Mantan Kapolda Sumber Irjen Teddy Minahasa resmi melawan Polri. Teddy mengirim surat banding setelah dipecat lantaran terlibat kasus peredaran narkoba.
"Berdasarkan Perpol Nomor 7 Tahun 2022 tentang Kode Etik Profesi dan Komisi Kode Etik Polri bahwa Irjen TM telah menyerahkan pernyataan banding (maksimal 3 hari setelah putusan sidang KKEP)," kata Karopenmas Div Humas Polri Brigjen Ahmad Ramadhan kepada wartawan, Senin (5/6).
Polri menjelaskan pengajuan memori banding ini dapat disampaikan paling lama 21 hari kerja. "Pengajuan memori banding dapat disampaikan paling lama 21 hari kerja sejak diterimanya putusan sidang KKEP (petikan putusan telah diserahkan kepada Irjen. TM melalui pendamping)," ujar dia.
Advertisement
Sebelumnya, Irjen Teddy Minahasa banding atas putusan sidang etik Komisi Kode Etik Polri (KKEP). Hasil sidang etik adalah memecat Irjen Teddy dari Polri karena terlibat kasus narkoba.
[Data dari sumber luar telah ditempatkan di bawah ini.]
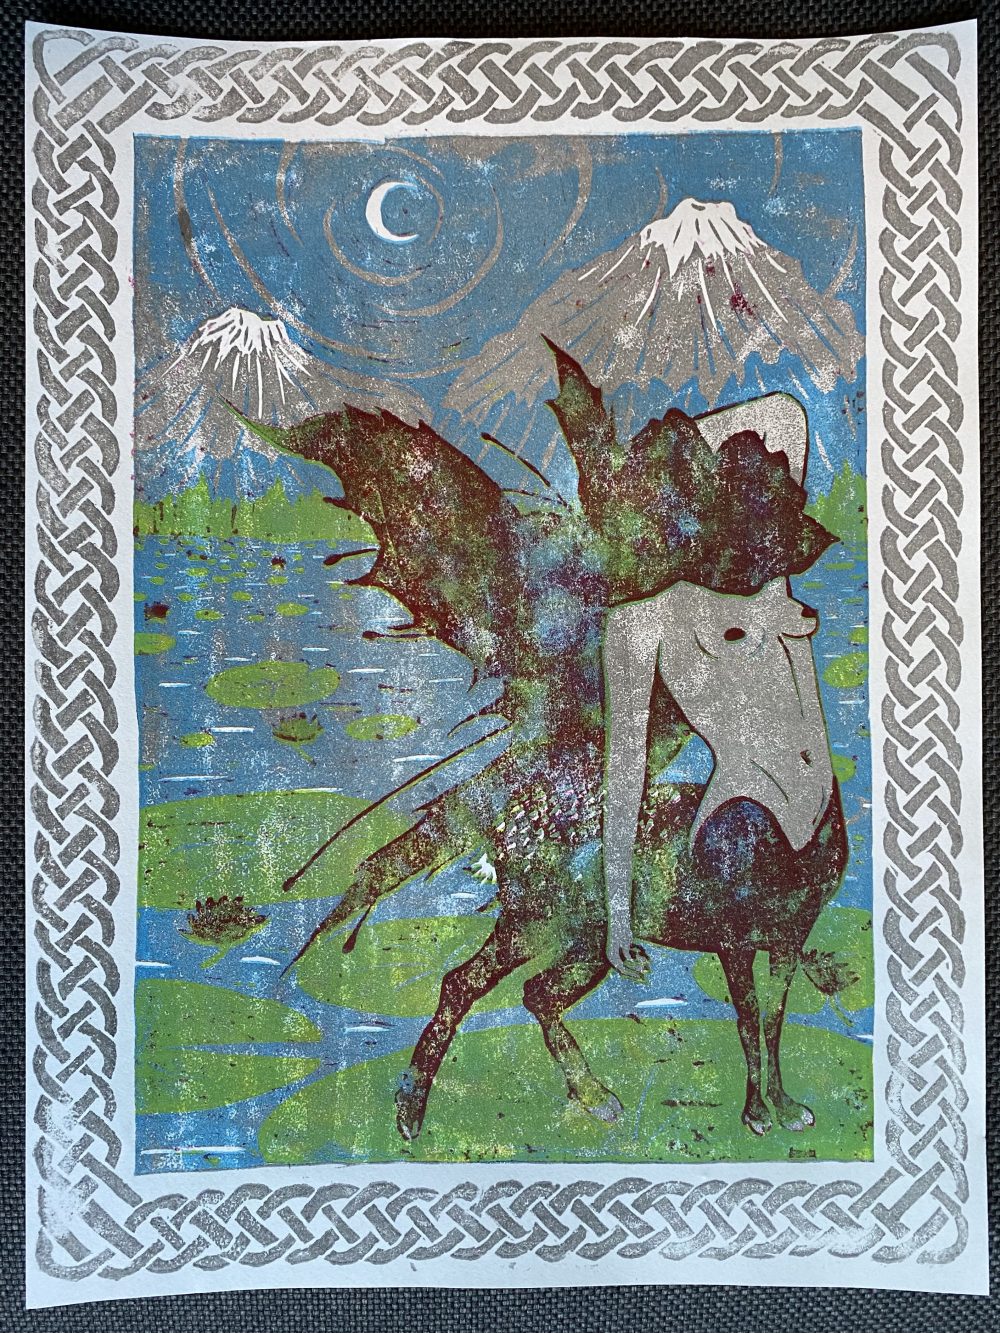 A reductive relief print made out of gray, blue, yellow, and red of a deer centar woman with a lotus head and fairy wings upon a lily pad in a lake with mountains and a night sky in the background.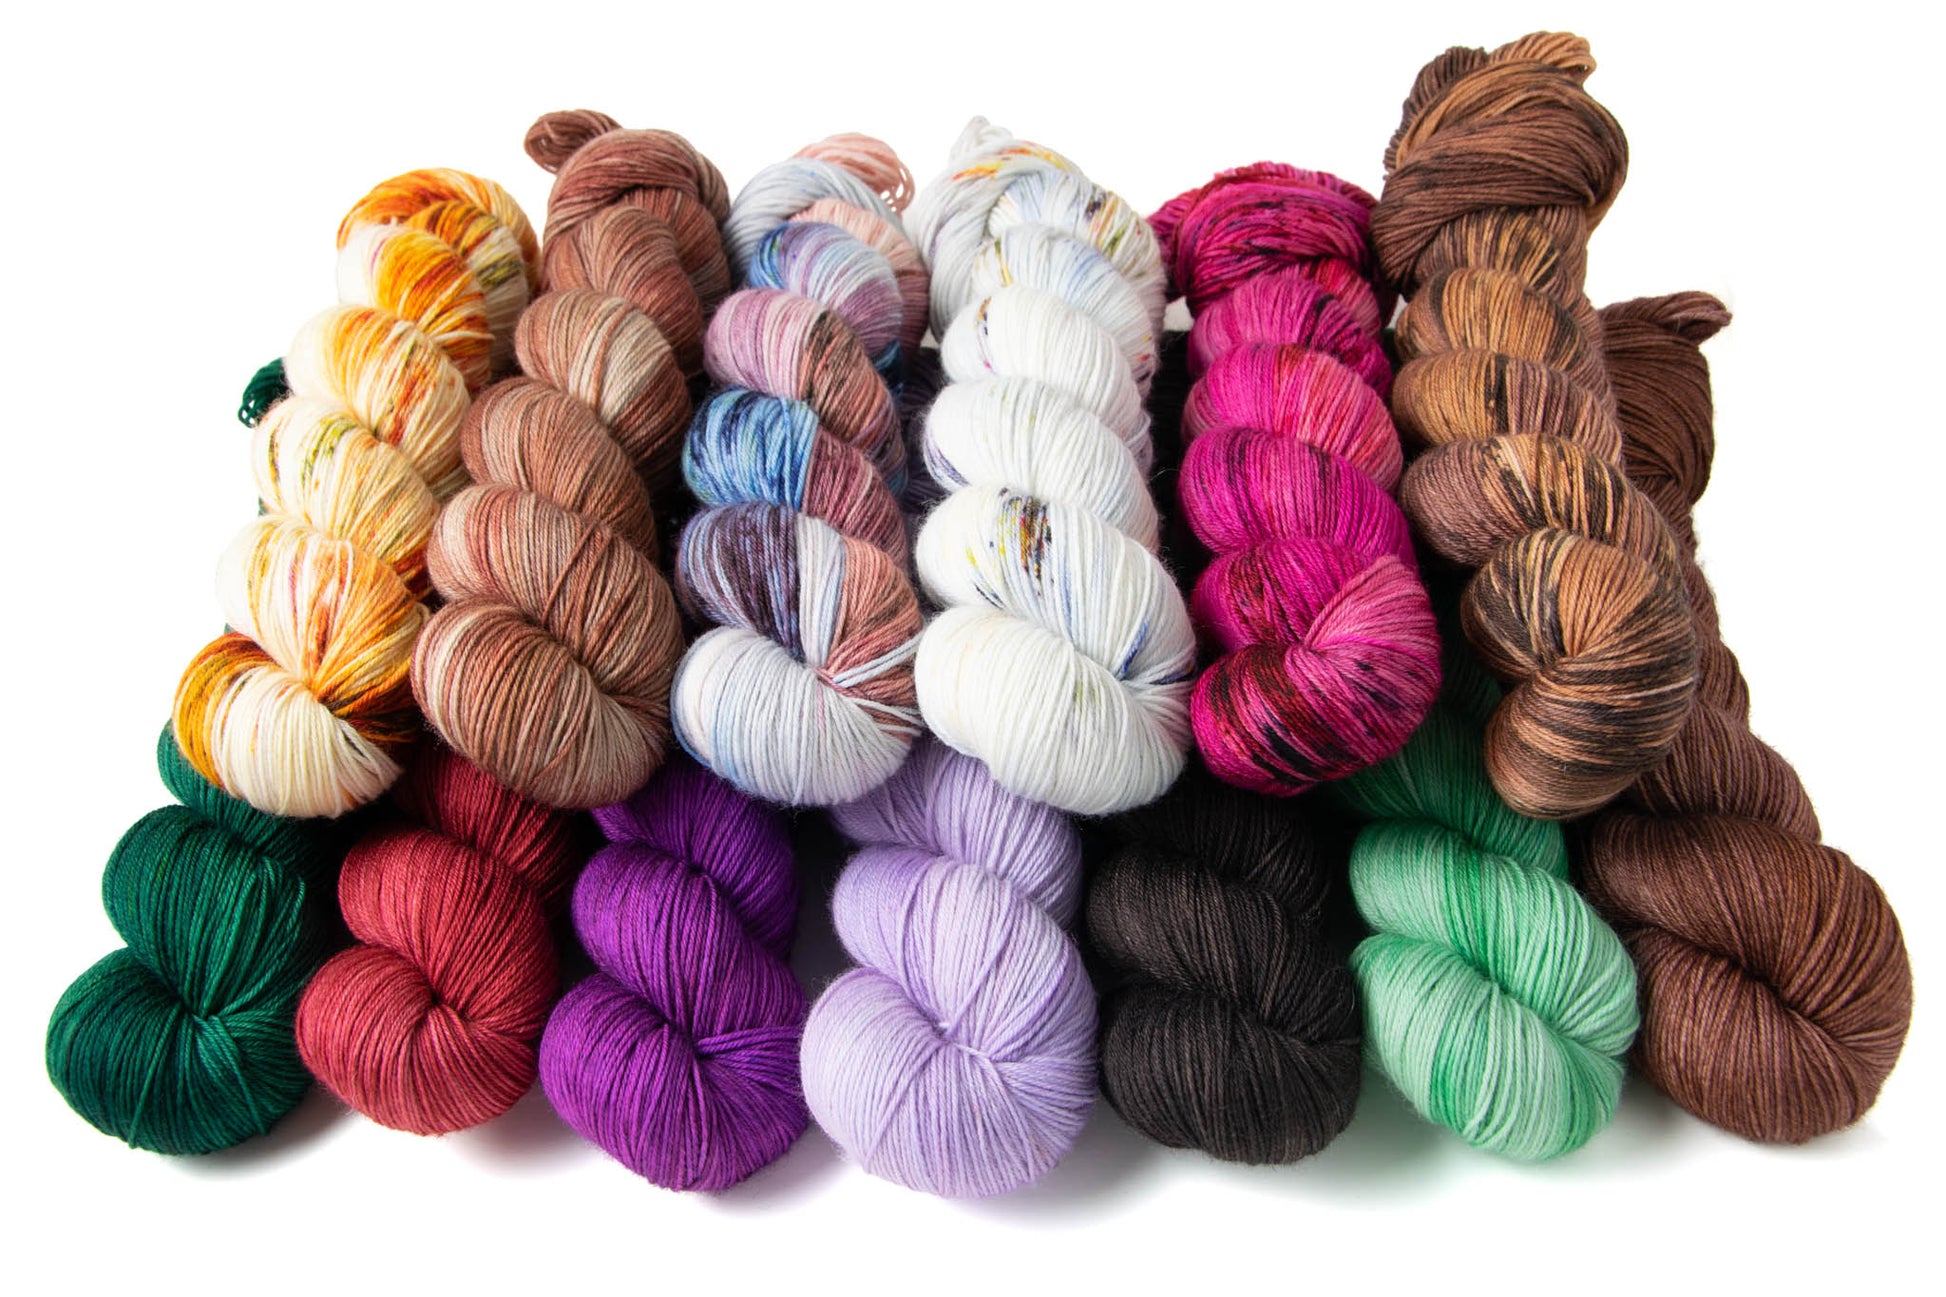 A stack of the thirteen colorways in the Cabin Collection: Craft Nook, Fireplace, Games Cabinet, Marbles, Fuchsia Flowers, Cabin Walls, Carpet, Comfy Cozy Couches, Purple Underpants, Creator of Beauty, Fixtures, Grandma's Pert, and Penny Pinecones.

"Pelanggar menyatakan banding demikian hasil sidang komisi kode etik atas nama terduga Irjen TM," kata Karopenmas Divisi Humas Polri Brigjen Pol Ahmad Ramadhan di Gedung TNCC Polri, Jakarta, Selasa (30/5).
Teddy divonis sanksi etika dan administrasi akibat kasus dugaan peredaran narkoba. "Putusan sidang Komisi Kode Etik Polri, satu sanksi etika yaitu pelaku pelanggar dinyatakan sebagai perbuatan tercela," kata Ramadhan.
Sementara, sanksi administratif berupa sanksi pemberhentian secara tidak hormat (PTDH) sesuai aturan Peraturan Polri (Perpol) No 7 Tahun 2022.
"Kedua sanksi administratif berupa pemberhentian tidak dengan hormat atau PTDH bagi anggota polri," ujarnya.